Task to carry out
All lines from the one containing "Poinsettia Peony Anemone" through the last line of the listing should be given again exactly, with no pictures.

Stored data
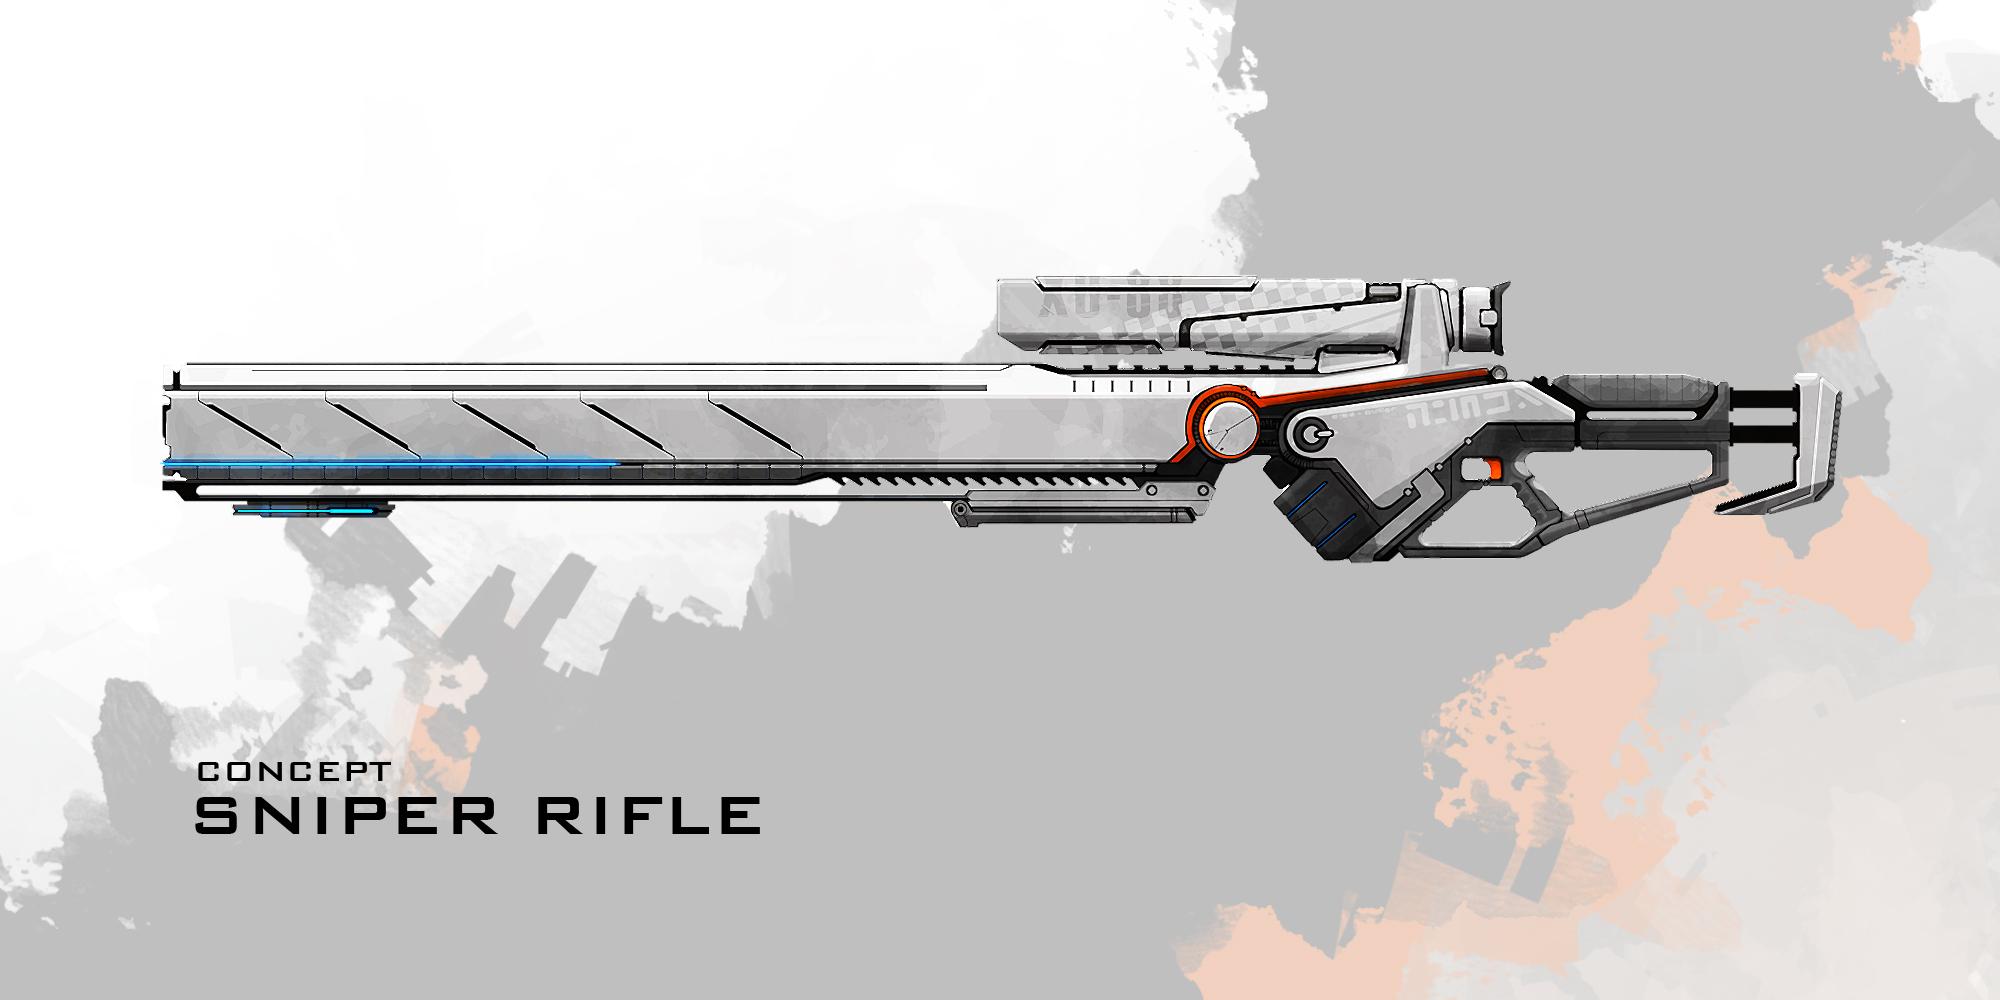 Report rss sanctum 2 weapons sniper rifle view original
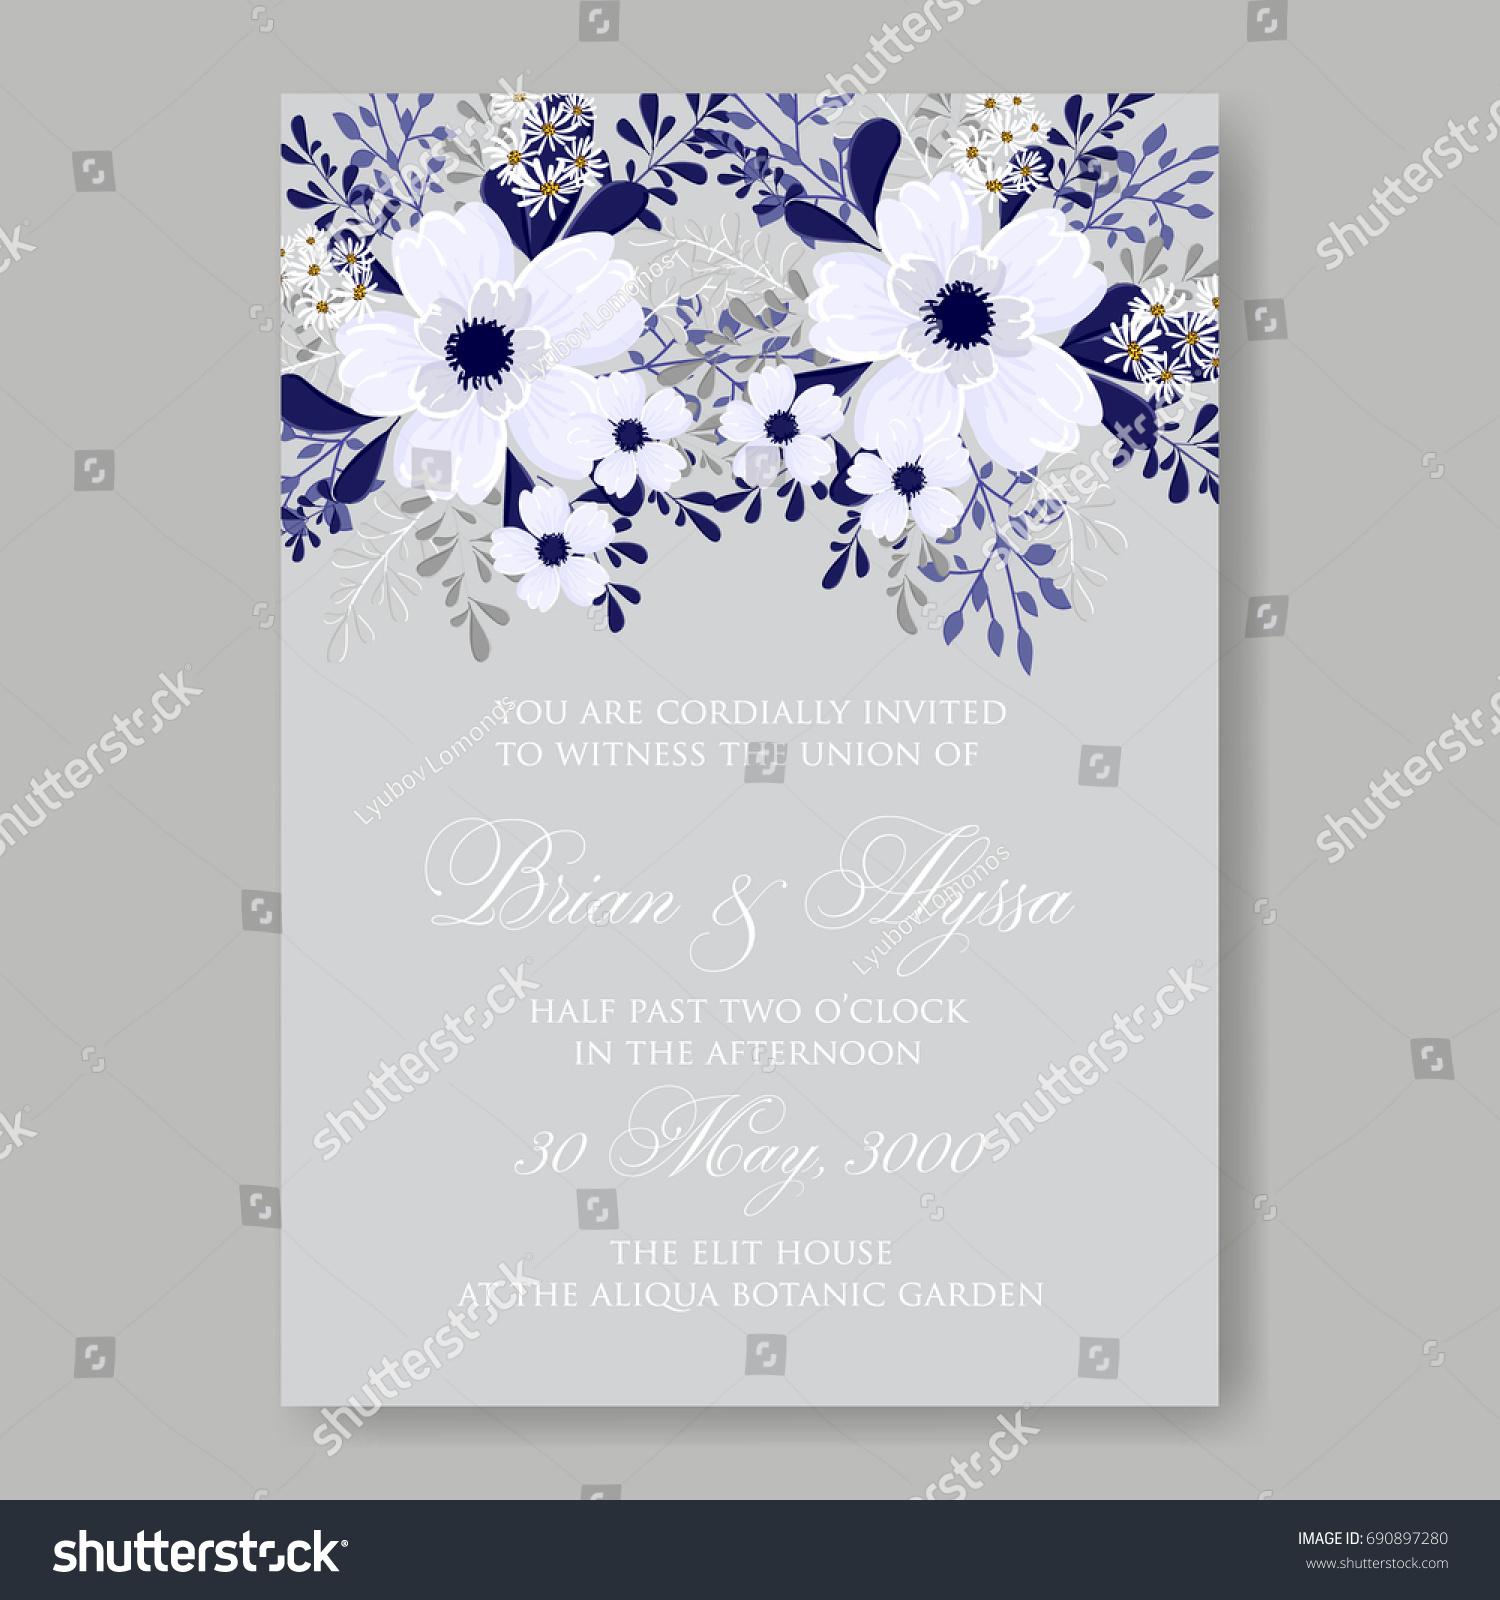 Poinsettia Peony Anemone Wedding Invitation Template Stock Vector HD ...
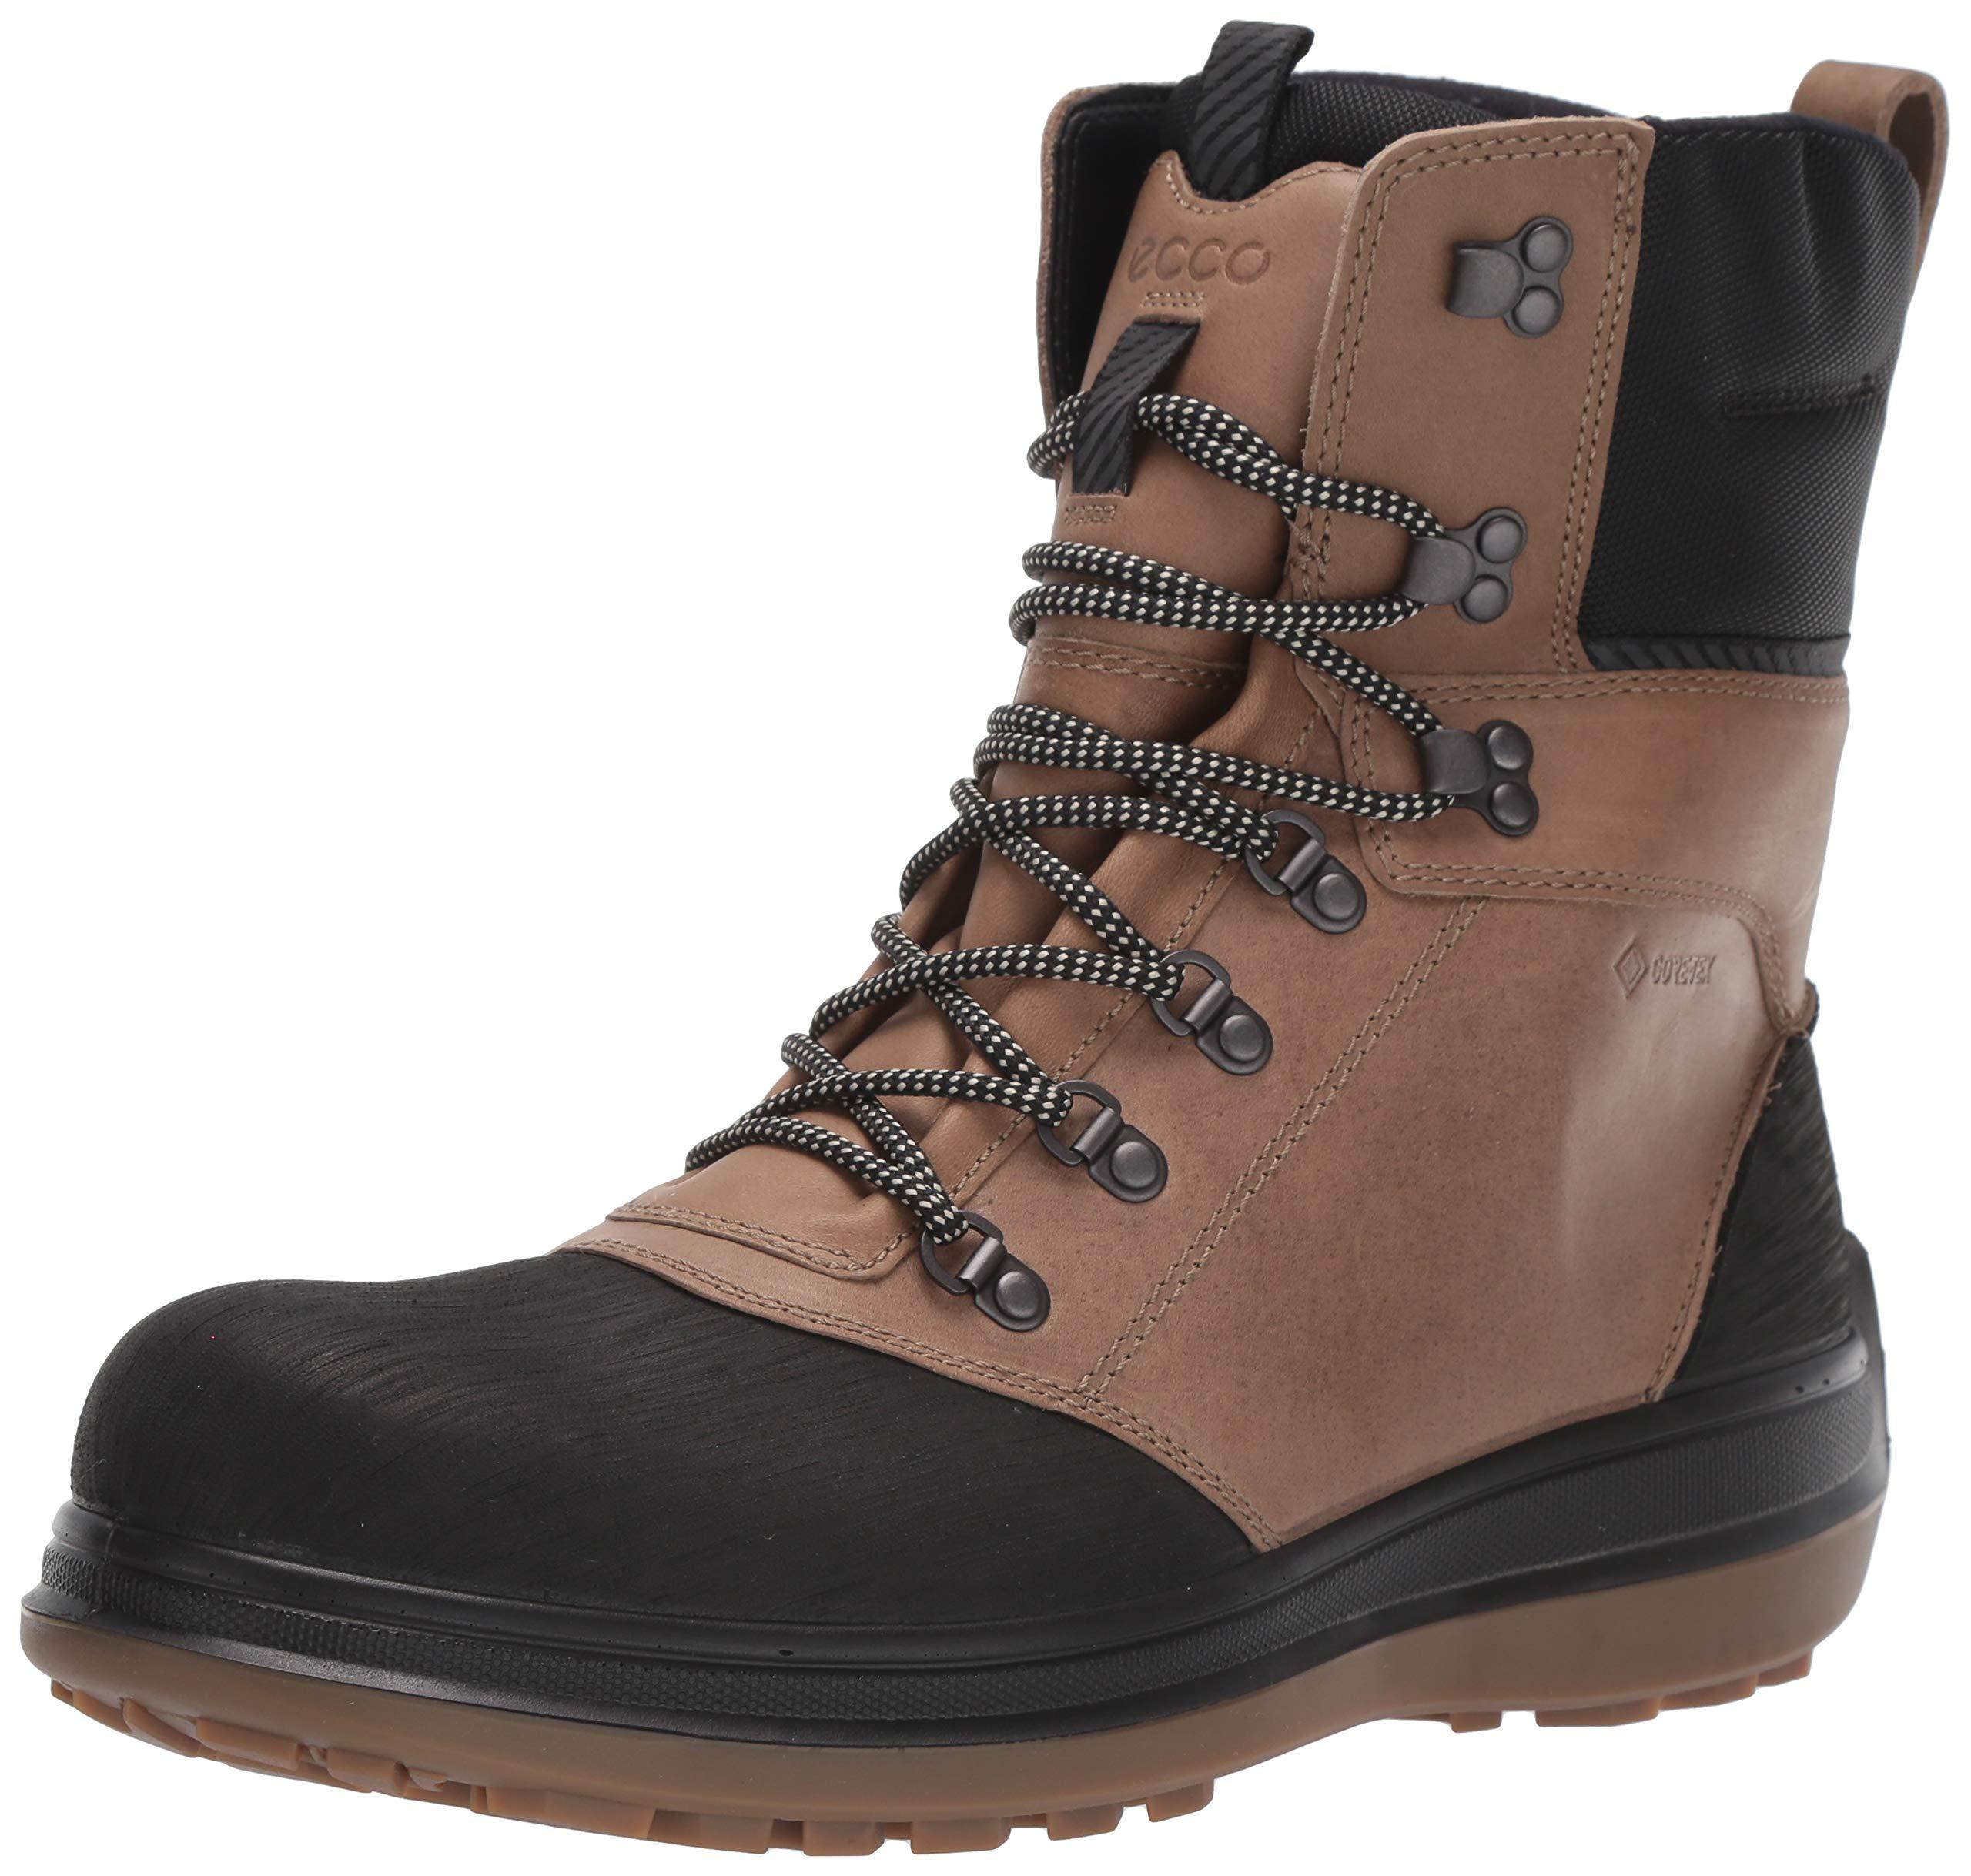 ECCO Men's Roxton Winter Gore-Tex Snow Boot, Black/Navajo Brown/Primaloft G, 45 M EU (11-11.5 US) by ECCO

The answer
 Poinsettia Peony Anemone Wedding Invitation Template Stock Vector HD ...
 ECCO Men's Roxton Winter Gore-Tex Snow Boot, Black/Navajo Brown/Primaloft G, 45 M EU (11-11.5 US) by ECCO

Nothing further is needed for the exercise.